Another fuel tank exploded, sending flames to the sky and driving the last of the passengers from the bus. A moment later, it was a mass of red and black, burning like a bonfire. I could feel the heat all the way across the parking lot.
I heard the crack of a gunshot, then another. Fearing the worst, I whirled around. The highway patrol officers were standing nearby, pistols pointed to the sky.
“That’s enough,” one of them yelled.
Enough? What did the word mean? Grant had enough baseball cards. I had enough records. Was there enough blood? Enough pain?
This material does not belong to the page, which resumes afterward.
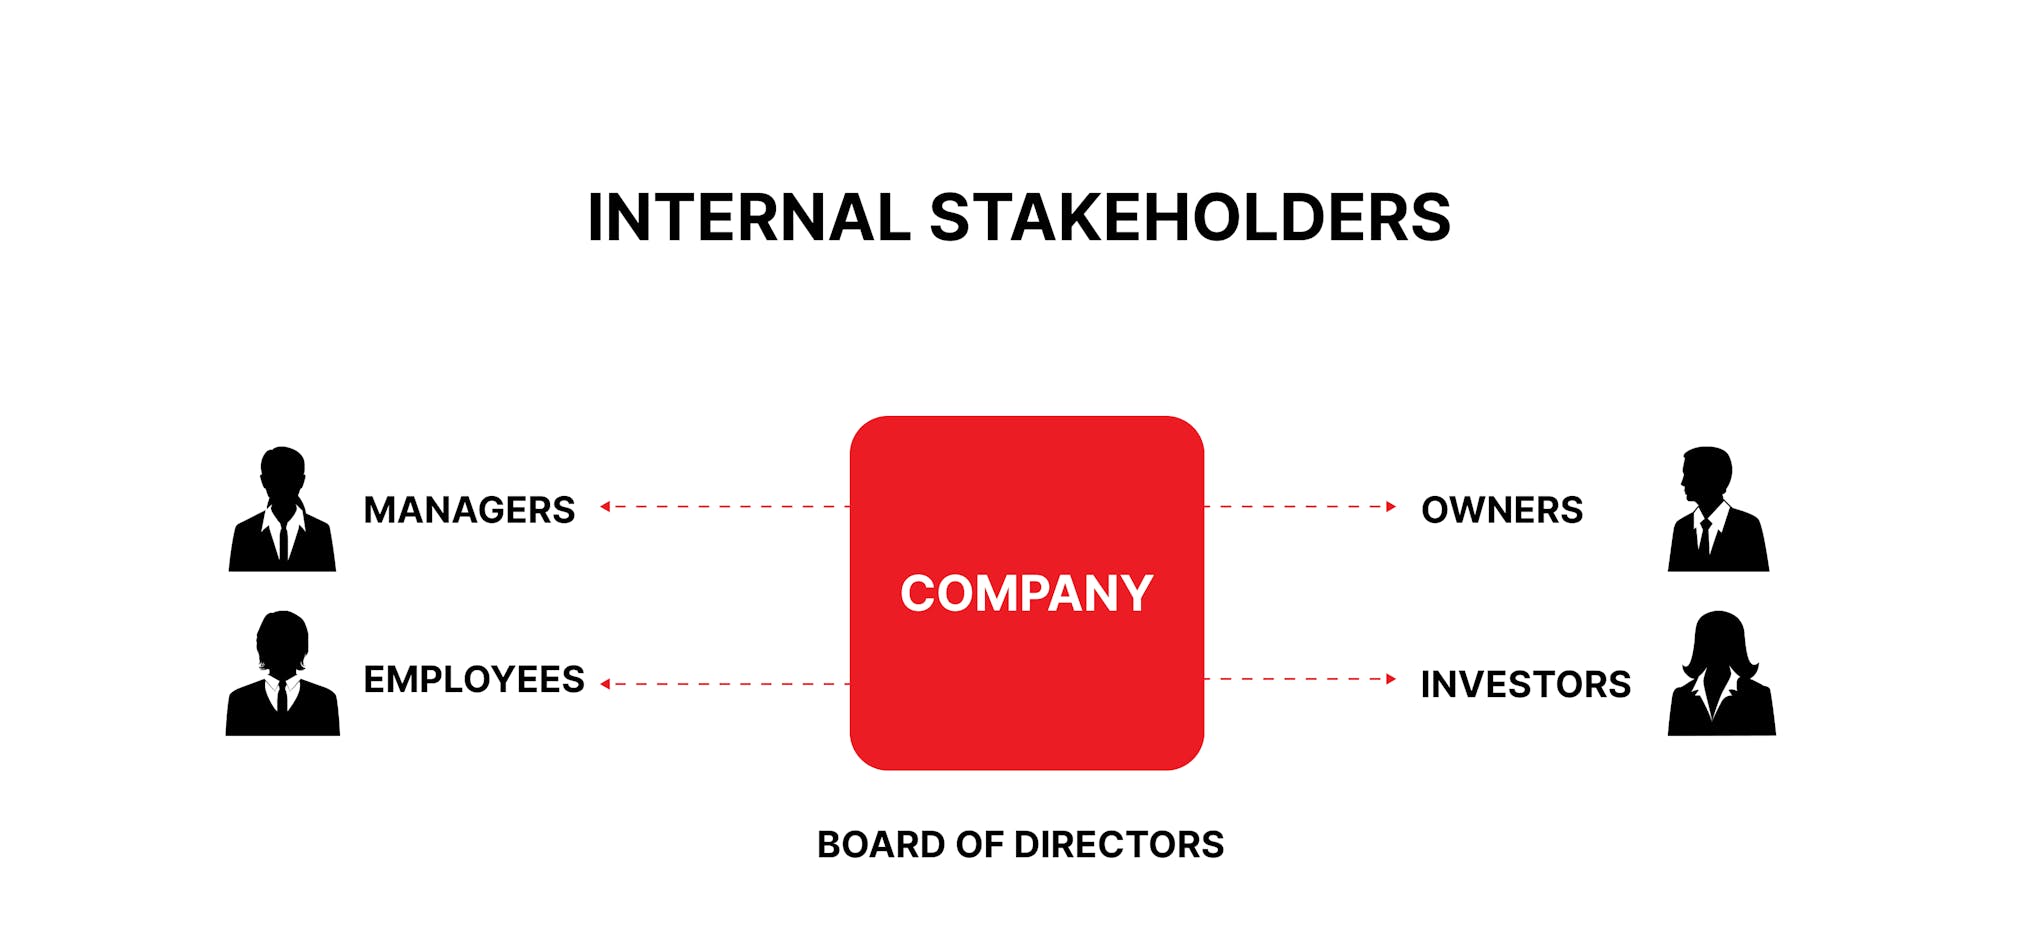 What are the internal stakeholders
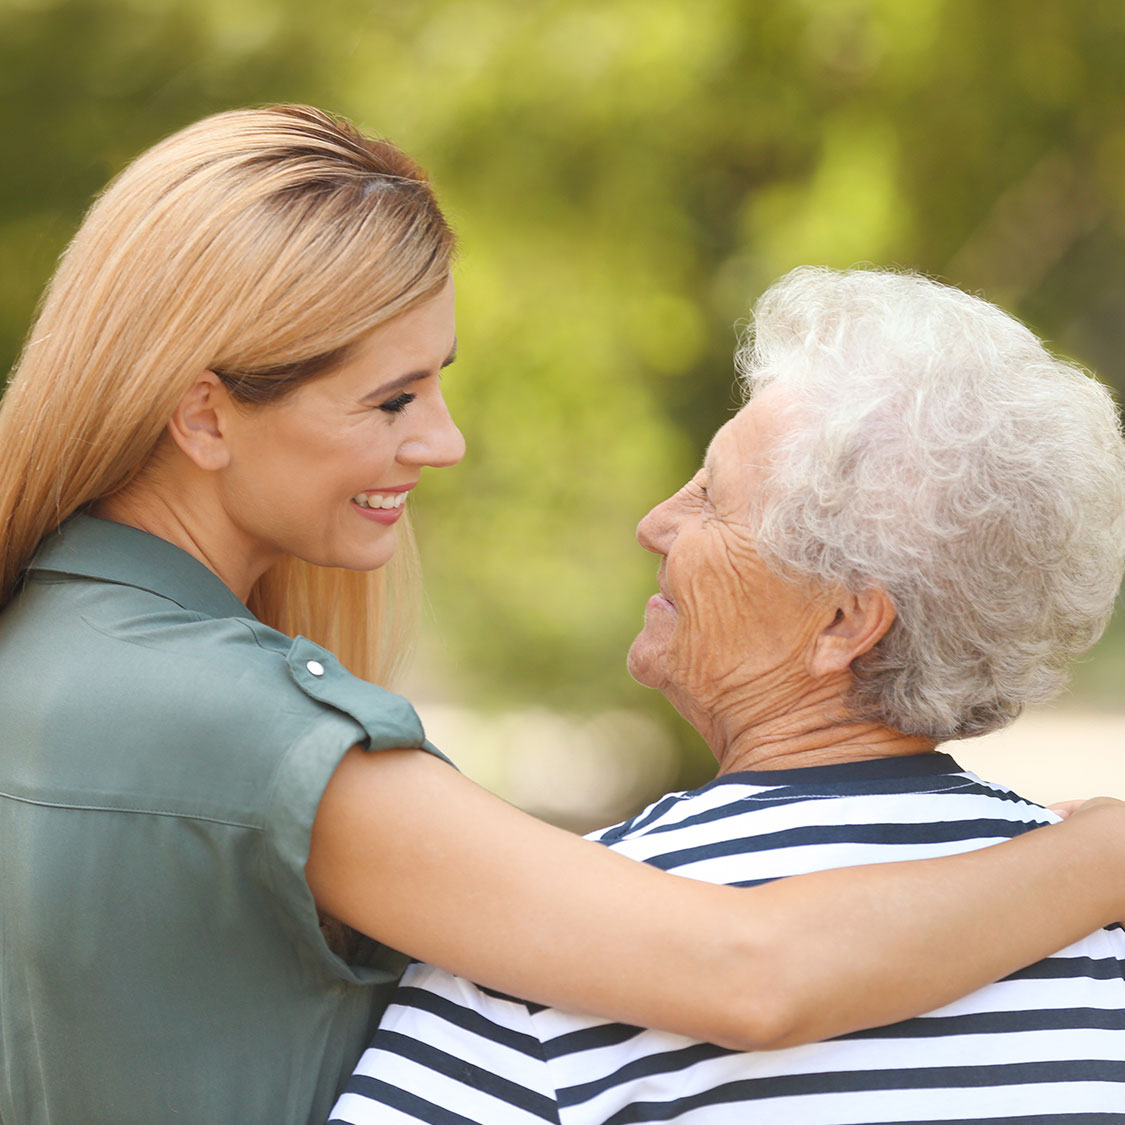 The Best Ways To Help Out an Aging Parent

The people in the crowd looked at each other. They eyed the passengers, who were scattered across the lot weeping, staring, stunned. Maybe they noticed Grant and realized he was taking photos. Whatever the reason, they moved off one by one, somehow no longer a mob. They went to their cars, got inside, and drove off. They left in an orderly way, as if they’d just finished up at the grocery store.
The officers watched the cars go. They didn’t write down names or license plate numbers. They didn’t arrest anyone. One of them pulled a microphone from inside his patrol car and ordered an ambulance.
That seemed to break the spell. The second crowd, those who had been watching, began to move. Some left. A few approached the bus passengers and, along with Janie, did what they could to comfort the passengers until the ambulance arrived.
Daddy watched them go, the way he had watched the beatings and the flames. Finally he walked over to me. I thought of how, in an earlier life, he and I had made breakfast, then taken it in to Mama and celebrated Mother’s Day.
I said in a low voice, “I guess now we know what your errand was.”
“Clyde told me about it at the barber shop on Saturday,” said Daddy. “I didn’t know you’d be here.”
“That was terrible,” I said.
“It was dangerous. You shouldn’t have come.”
“Why did they do it?” I asked.
This time, “they” didn’t mean Negroes. It meant the people of Anniston. It meant us.
“It wasn’t supposed to be like this,” said Daddy. “It got out of hand.”
“But why? The Freedom Riders were on a bus, that’s all.”
Daddy explained in that soft, gentle voice of his, the one he used to reassure me. “Sweetheart, you know why. It was black and white together.”
“Mama said black and white should be separated.”
“She’s right. It’s better that way. Maybe this proves it.” It’s what I had been taught in a thousand little ways—separate entrances, separate drinking fountains, separate ways of talking to people and looking at them. It had been passed to me, and I had taken it. But today, seeing what had happened in my town, I thought of Lavender’s question: Would I pass it on?
At supper that night, Mama served roast beef. Afterward she brought out some apple pie. I took a bite, then pushed my plate away.
“I’m not hungry.”
Mama studied me with a pinched, worried expression. After Daddy and I had gotten home, I’d gone to my room and a few minutes later had heard the two of them arguing. I couldn’t hear the words, but I could tell Mama was angry. Happy Mother’s Day.
Mama glanced at Daddy, then back at me. “Your father told me what happened. Do you want to talk about it?”
What was there to say? My town was different from the way I’d thought it was. Maybe my father was too.
“No, ma’am,” I said.
I could see her struggle to find words. “Bo Blanchard and those other people … what they did was wrong. It was vicious and mean. But the Negroes—”
“Freedom Riders,” I said. “They weren’t all Negroes.”
“Maybe they were a little bit wrong too.”
“They just wanted to ride the bus.”
“Sweetheart,” said Mama, “this is the way we are. We’ve lived like this for a hundred years. Things are changing, but they take time.”
“Let me ask you something,” Daddy said in a quiet voice. “If the Freedom Riders hadn’t come here, would anyone have gotten hurt?”
“Well, no,” I said.
“Then don’t you think they might share some of the blame?”
In the parking lot of Forsyth’s Grocery I had seen something awful. Was it here too, in my house, at our table? There were no angry mobs, no fires or threats, no clubs or chains—just apple pie, two cups of coffee, and a glass of milk. We weren’t burning buses or beating people up. We weren’t doing anything. Maybe that was the problem.